⚡️ Speed up function `matrix_inverse` by 534% #21

codeflash-ai · 2025-06-21T00:32:11Z

📄 534% (5.34x) speedup for `matrix_inverse` in `src/numpy_pandas/matrix_operations.py`

⏱️ Runtime : 84.2 milliseconds → 13.3 milliseconds (best of 187 runs)

📝 Explanation and details

Here's an optimized version of your matrix_inverse function, focusing on avoiding Python for-loops in favor of fast NumPy array operations. The heart of your performance problem is the double for-loop, which can be partly vectorized.
We also avoid repeated slicing and use in-place operations for better cache efficiency.

Key optimizations:

In-place operations: Use /= instead of creating new arrays for each row scaling.
NumPy vectorization: Where feasible, eliminate the inner loop — all j > i and j < i rows are updated in a block.
Avoid unnecessary casting/copies: Use astype(float, copy=False) so the input is avoided being copied if already float.
No change to output or signature. All steps and error checks preserved.
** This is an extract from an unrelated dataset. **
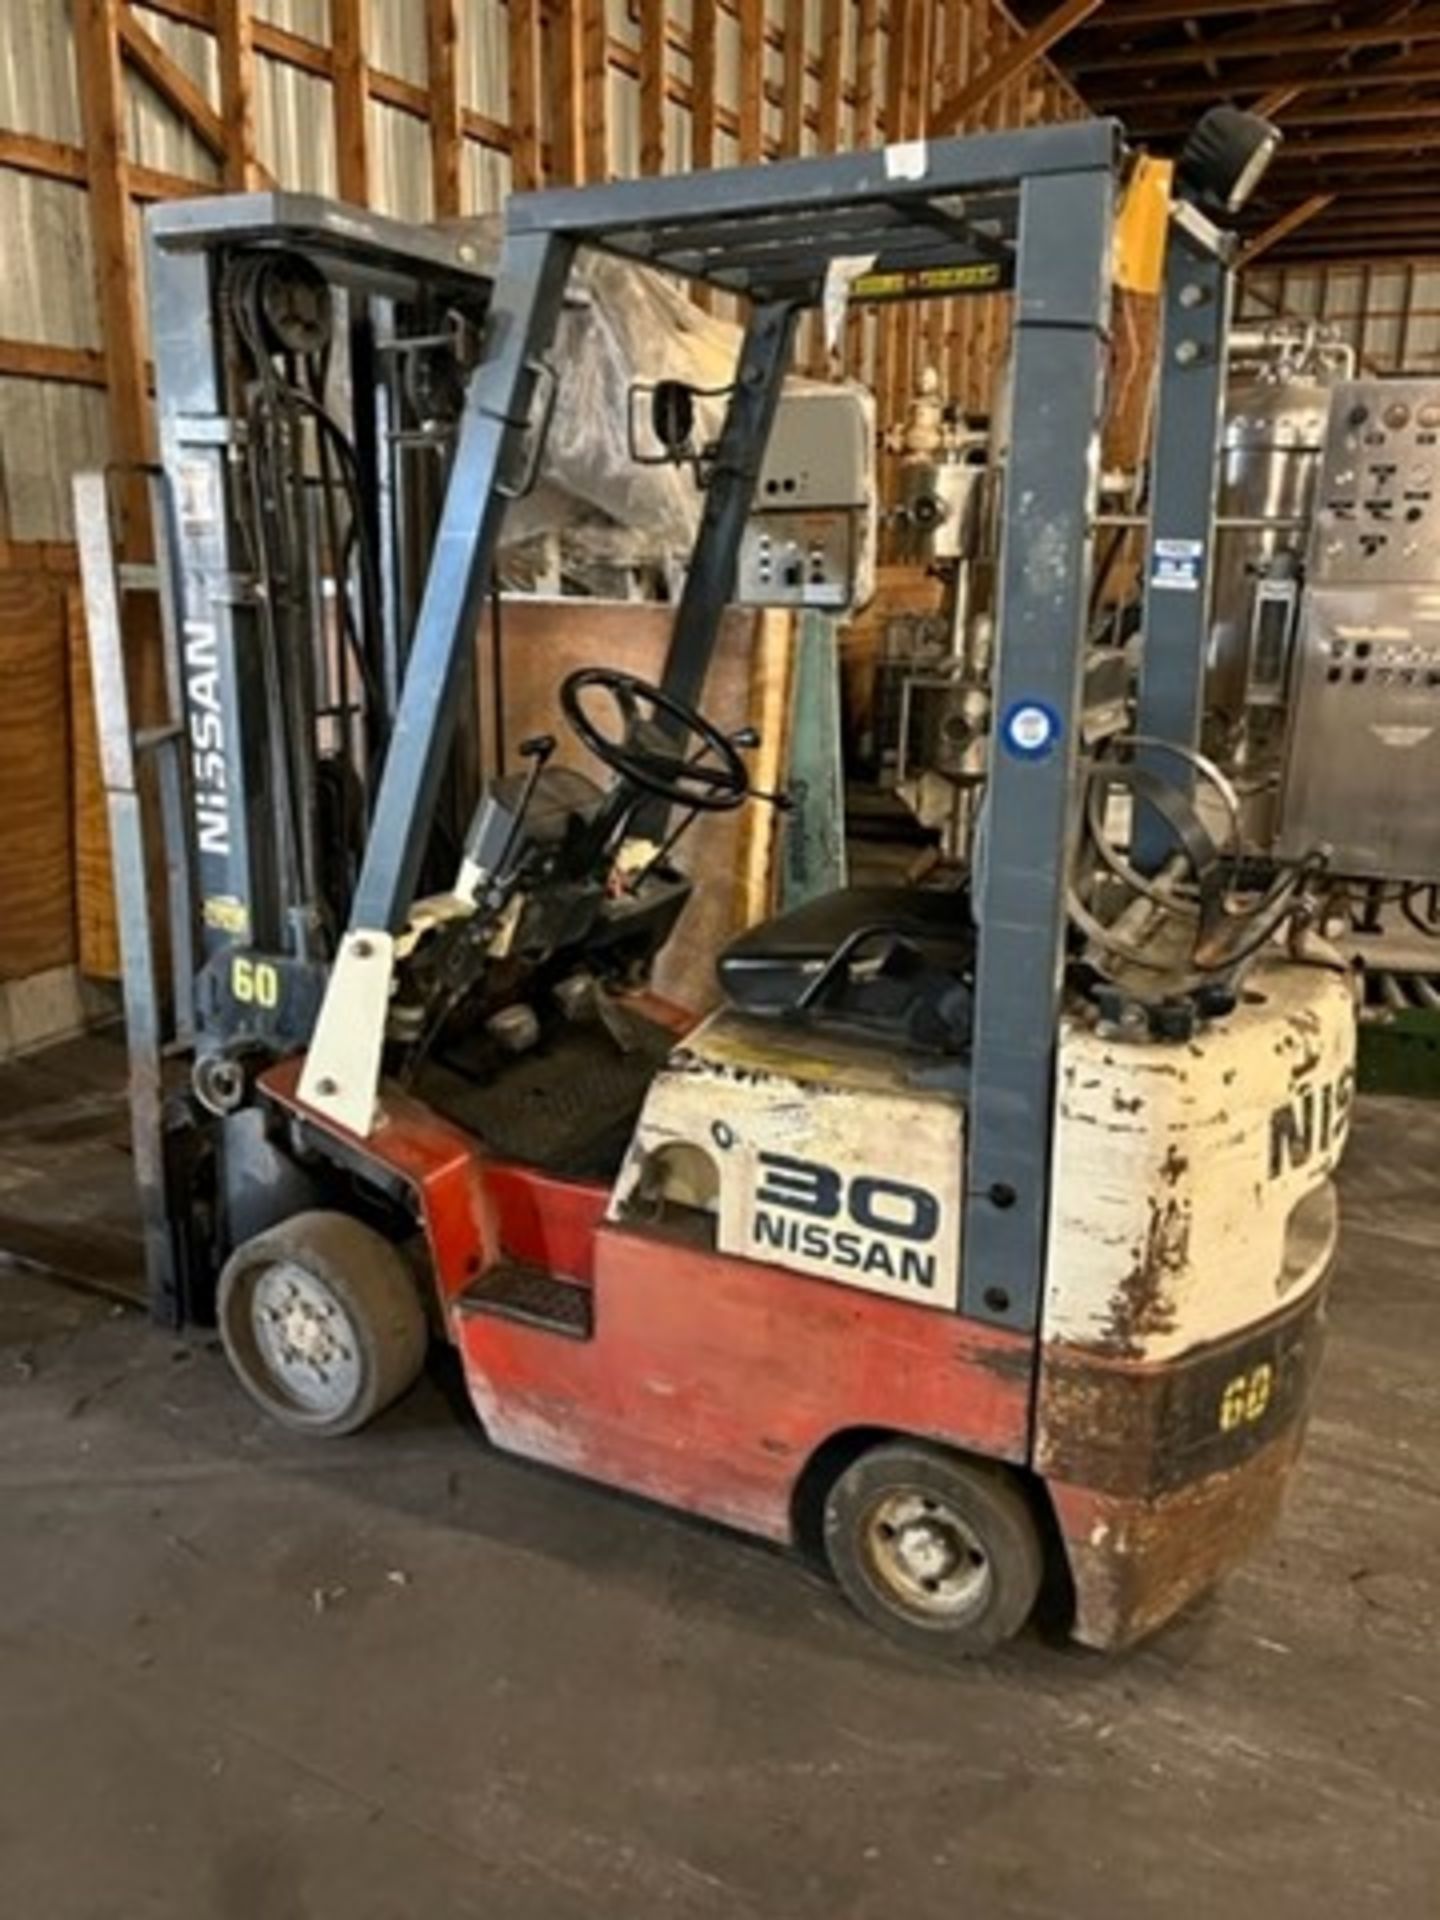 Consignment Item - located in Breese IL: Nissan 30 forklift #60

This will drastically reduce the time spent on row subtraction, which was previously the slowest part.
If you want even more performance, consider using np.linalg.inv for production unless you need to teach the algorithm!

Let me know if you want a pure Cython/Numba optimized version for even more speed.

✅ Correctness verification report:

Test	Status
⚙️ Existing Unit Tests	🔘 None Found
🌀 Generated Regression Tests	✅ 35 Passed
⏪ Replay Tests	🔘 None Found
🔎 Concolic Coverage Tests	🔘 None Found
📊 Tests Coverage	100.0%

🌀 Generated Regression Tests and Runtime

import numpy as np
# imports
import pytest  # used for our unit tests
from src.numpy_pandas.matrix_operations import matrix_inverse

# unit tests

# ----------- BASIC TEST CASES -----------

def test_identity_matrix_inverse():
    # 1x1 identity
    I1 = np.eye(1)
    codeflash_output = matrix_inverse(I1); inv = codeflash_output # 8.42μs -> 8.25μs (2.02% faster)
    # 2x2 identity
    I2 = np.eye(2)
    codeflash_output = matrix_inverse(I2); inv2 = codeflash_output # 8.42μs -> 8.25μs (2.02% faster)
    # 5x5 identity
    I5 = np.eye(5)
    codeflash_output = matrix_inverse(I5); inv5 = codeflash_output # 8.42μs -> 8.25μs (2.02% faster)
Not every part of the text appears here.